Autre avantage, selon Volodymyr Yermolenko: «Zelensky parle aux populations de l’est et du sud (majoritairement russophones), qui pensent différemment depuis 2014, qui se sont positionnées contre la Russie et le passé soviétique, mais qui ne sont pas à l’aise dans le narratif patriotique de Porochenko». Dmytro Razoumkov, le jeune stratège politique de l’acteur, confirme: son poulain serait le seul à être populaire partout, même s’il l’est un peu plus à l’est et un peu moins à l’ouest.
Un romantisme naïf
Insaisissable, Volodymyr Zelensky étourdit la communauté diplomatique. «On est à la limite entre le virtuel et la réalité, les gens votent pour le président de la série», relève une source diplomatique. Fin janvier, neuf ambassadeurs de l’UE en poste à Kiev reçoivent le comédien. «C’est un très bon orateur, charmant, qui fait de bons constats, mais il n’est pas compétent sur toutes les questions techniques et sur les réformes», révèle un témoin.
Du gazoduc Nord Stream 2 à la différence entre l’OTAN et l’OSCE, «il s’est rendu compte à quel point il ne savait rien, poursuit le diplomate. Le président est le chef des armées et, s’il est élu, c’est lui qui va devoir gérer la question du Donbass!» Personnellement touché par ce passage au révélateur, quasi «dramatique», Volodymyr Zelensky s’est mis à bosser. Des visiteurs du soir réformistes tentent de le débarrasser de son «romantisme naïf».

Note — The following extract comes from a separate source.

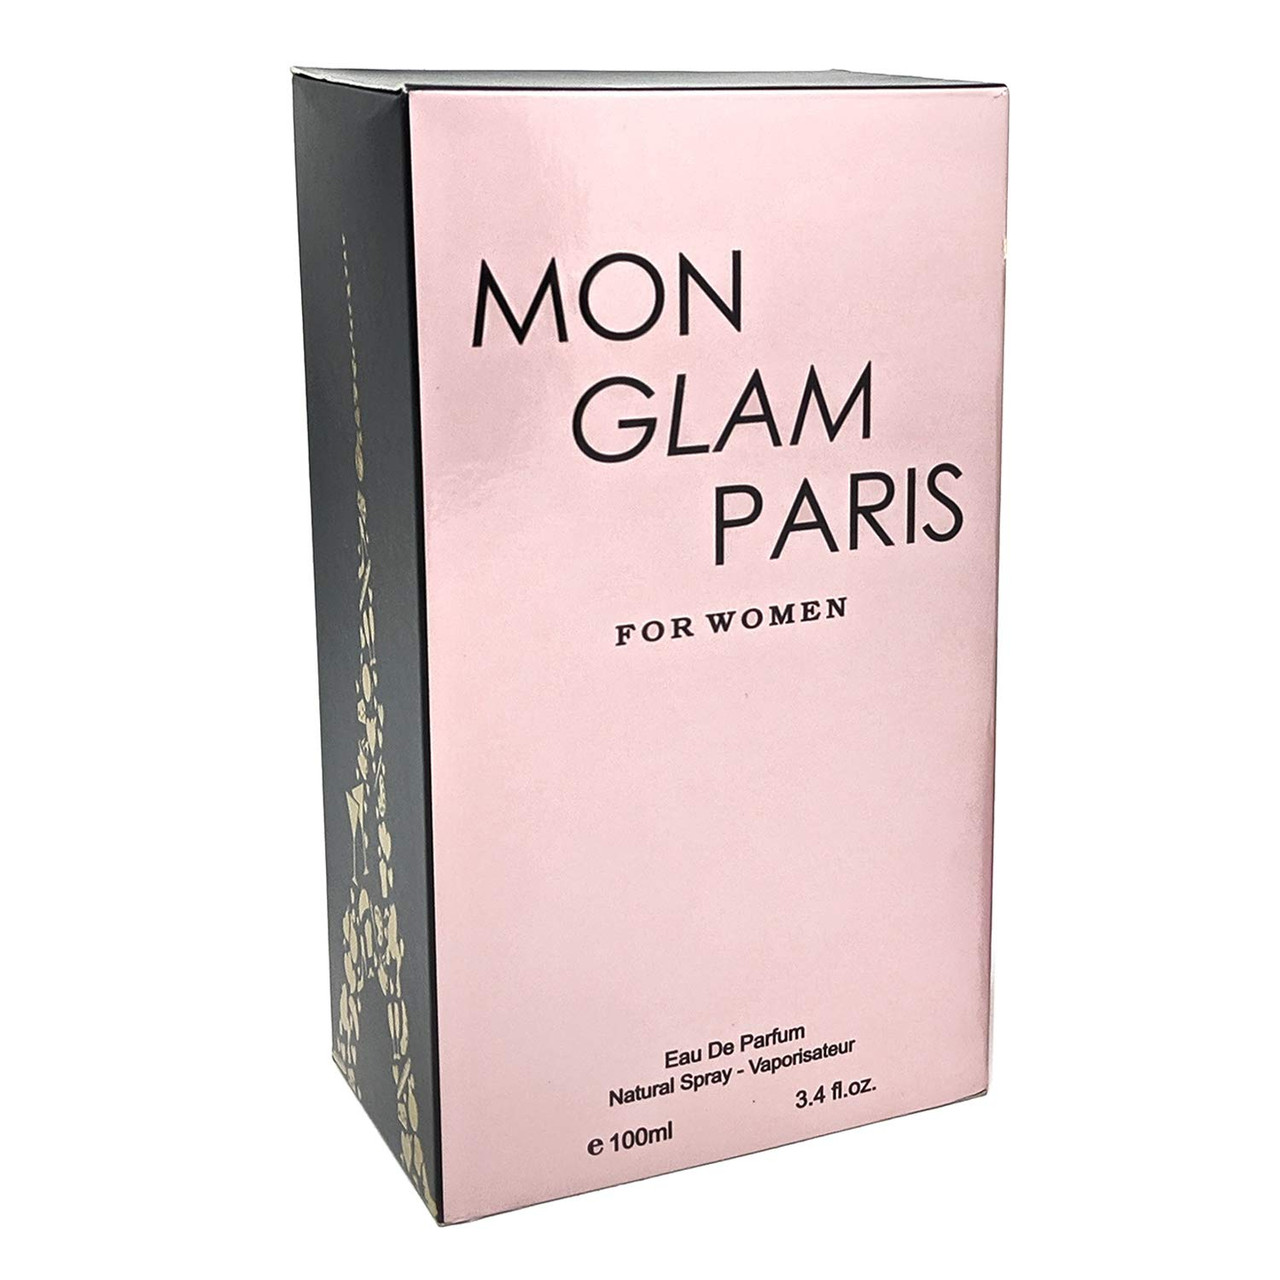 FRAGRANCE COUTURE MON GLAM PARIS 3.4 EAU DE PARFUM SPRAY FOR WOMEN

Parmi eux, Aivaras Abromavicius, ancien ministre de l’Economie, ou le député anti-corruption Serhiy Leshchenko. Des personnalités démocrates appréciées des Européens. Un homme pourrait être amené à jouer un rôle important si la fusée décolle: Oleksandr Danylyouk. Cet ancien ministre des Finances, interlocuteur du FMI et de l’UE à Kiev de 2016 à 2018, a lui-même piloté il y a deux ans la nationalisation de PrivatBank, ôtée à Kolomoïsky.
Une chance réelle
«Zelensky est le seul candidat qui possède une chance réelle de victoire et pourrait mettre en place les réformes radicales dont l’Ukraine a besoin, a confié Oleksandr Danylyouk lundi au Figaro. J’ai décidé de lui apporter mon soutien et de l’aider, tant à lancer un programme de réformes qu’à réunir l’équipe capable de le mettre en œuvre. Je ne peux juste pas rester un simple observateur. Il serait irresponsable de laisser passer cette chance.»
Courant mars, Volodymyr Zelensky a reçu à son QG un petit groupe de reporters, dont le correspondant du Temps. De l’entretien sont ressorties quelques velléités de propositions et beaucoup de platitudes. «Un vide est apparu en politique, les gens ne croient plus aux politiciens. Alors je veux prendre la tête de vrais pros, déclare le comédien, théorisant une présidence des experts. Je veux laisser une empreinte dans l’histoire, celle de quelqu’un d’honnête.»
Quatre jours avant l’élection, l’humoriste n’a toujours pas fait de meeting de campagne. Il préfère arpenter les routes de l’est de l’Ukraine avec sa bande de chansonniers, de Dnipro à Zaporijia en passant par Marioupol, ces villes qui peuvent faire basculer l’élection. Dans des vidéos virales, il trolle ses adversaires désarmés. Mais depuis le début de la semaine, sur les réseaux sociaux pris de vertige, surfe une injonction: «Votez, mais ne faites pas de blague!»